Explain the slit-shaped eye phenotype found in female fruit flies
that have two copies of the Bar allele
(XBXB) for the BarH1 gene. Why do you think
the Bar allele (XB) leads to a misshapen adult
eye?
Resources to read about the BarH1 gene, if you don’t remember from
videos:
https://www.ndsu.edu/pubweb/~mcclean/plsc431/chromstruct/chrmo2.htm
https://www.ncbi.nlm.nih.gov/pmc/articles/PMC5105861/
https://www.sdbonline.org/sites/fly/gene/barh1-4.htm
Here we need to think about
how the Bar allele (XB) is different from the
wild-type allele (X+). The Bar allele has two copies
of gene right next to each other on the chromosome – it’s a duplication.

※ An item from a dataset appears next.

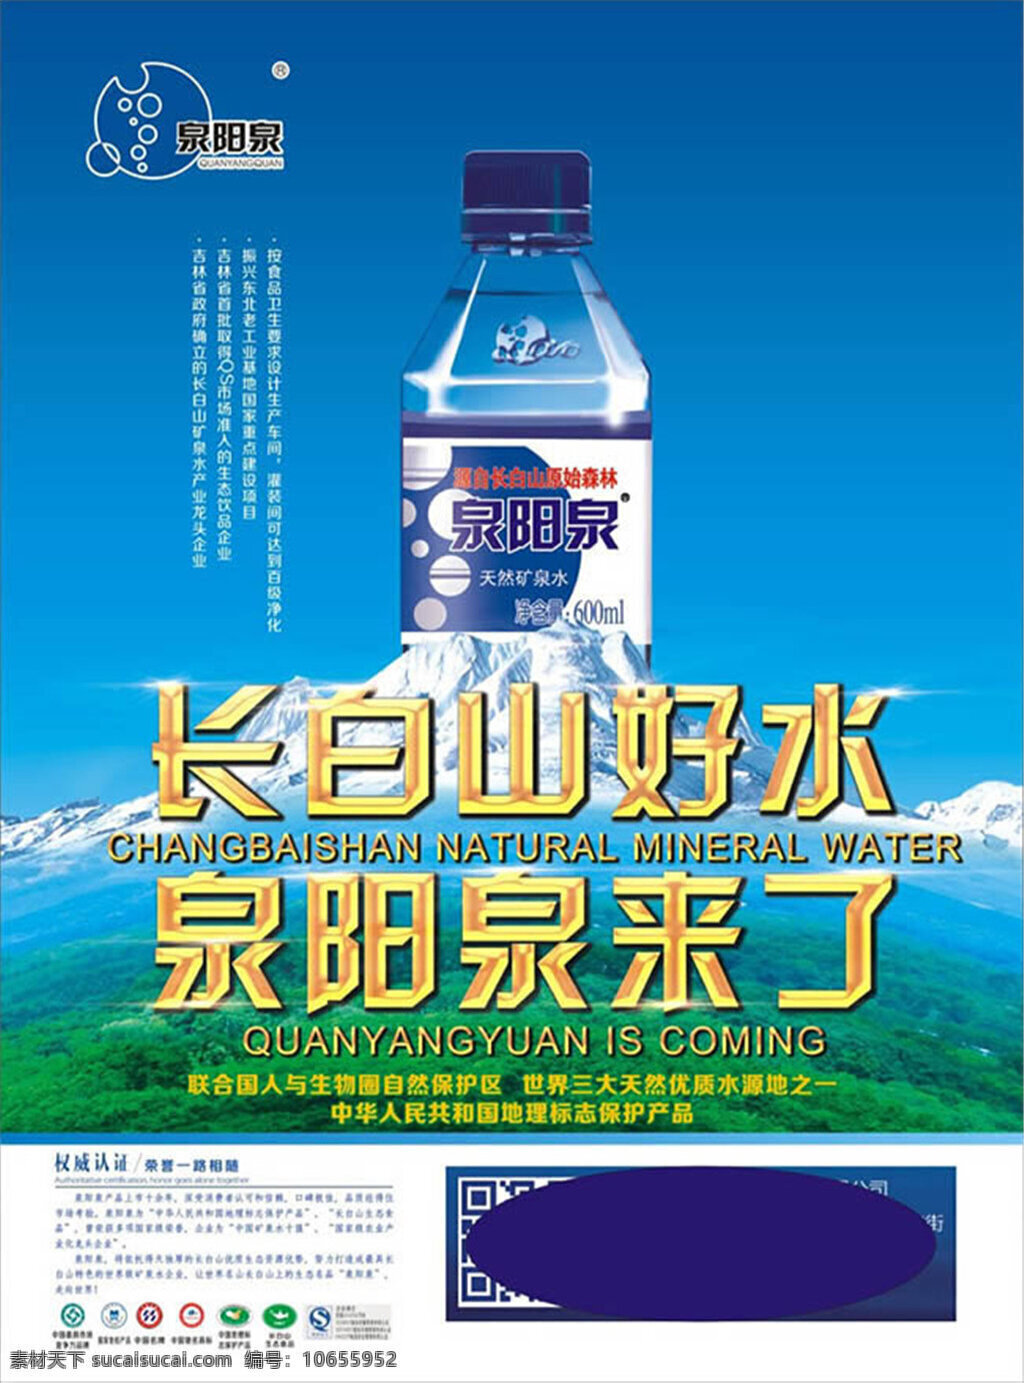 矿泉水 广告 图片设计 cdr素材 长白山 天然 饮用水 创意广告设计
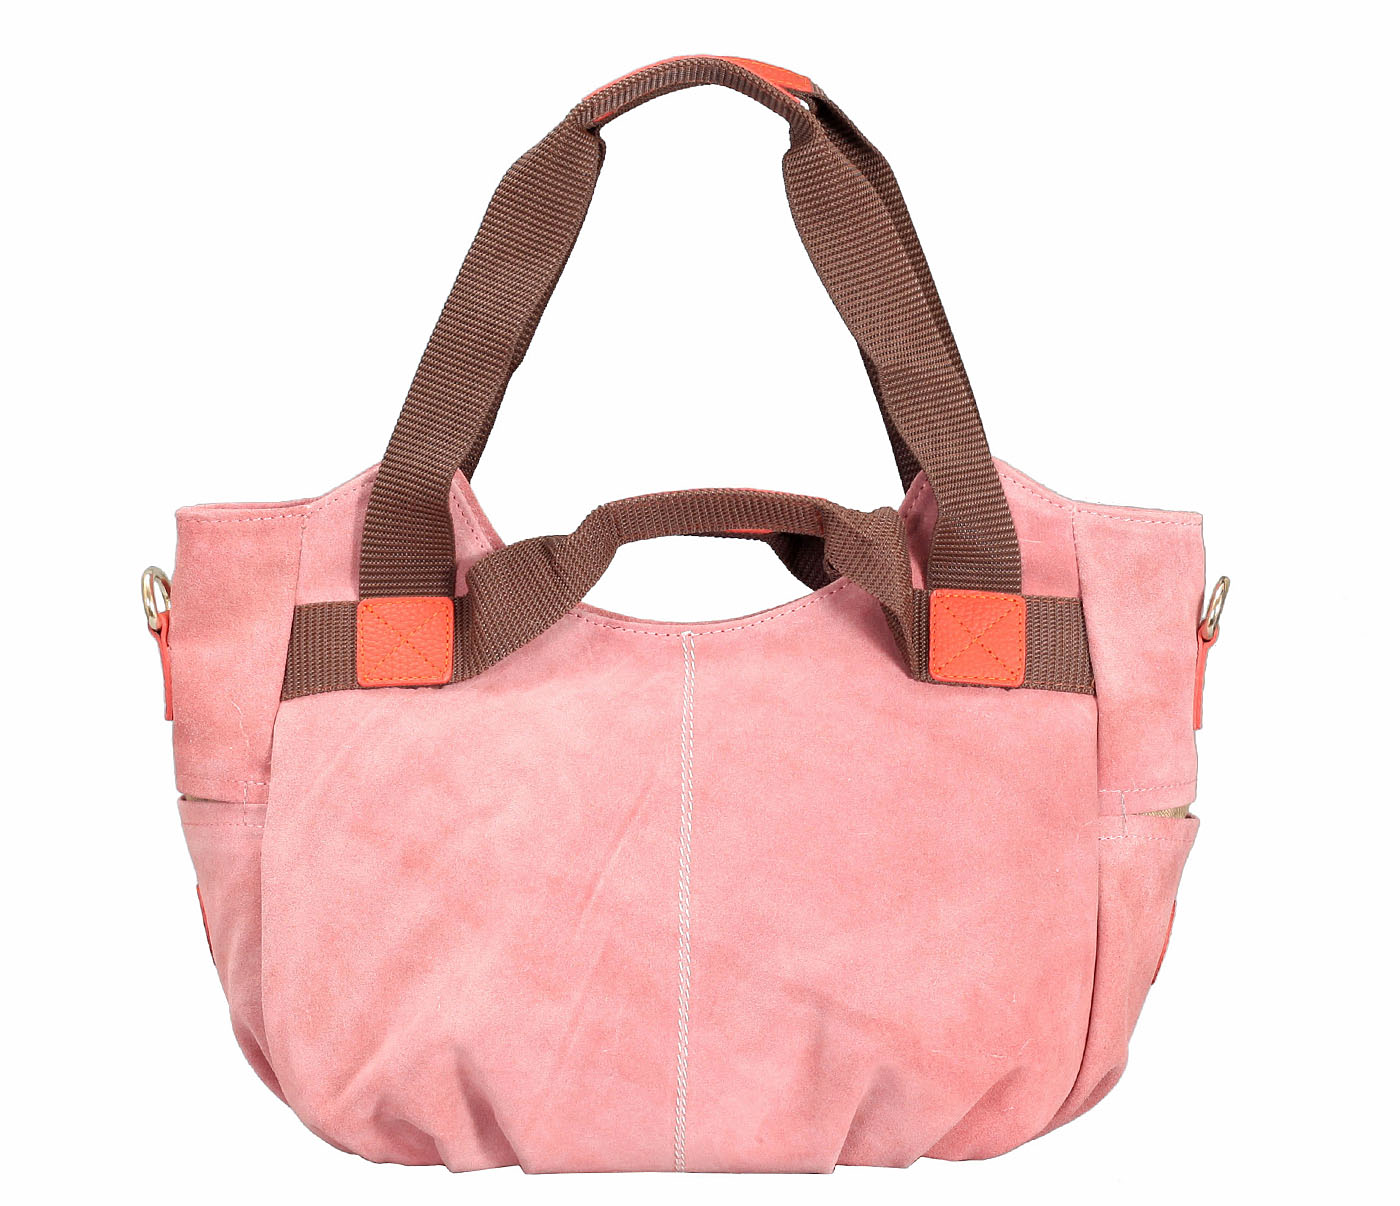 B857-Crisanta-Semi casual bag in Genuine Leather - Pink.

That means that while a wild-type individual
(X+X+) has 2 copies of the BarH1
gene, the homozygous Bar individual
(XBXB) has 4 copies of the gene.
When we think about gene expression, what could it mean to have 4 copies
instead of 2 copies of a gene? If all copies respond to the signal to
transcribe the gene, that might mean that the individual with 4 copies
make a lot more RNA for this gene and that might mean it makes a lot
more of the protein that is encoded (the BarH1 gene is over-expressed).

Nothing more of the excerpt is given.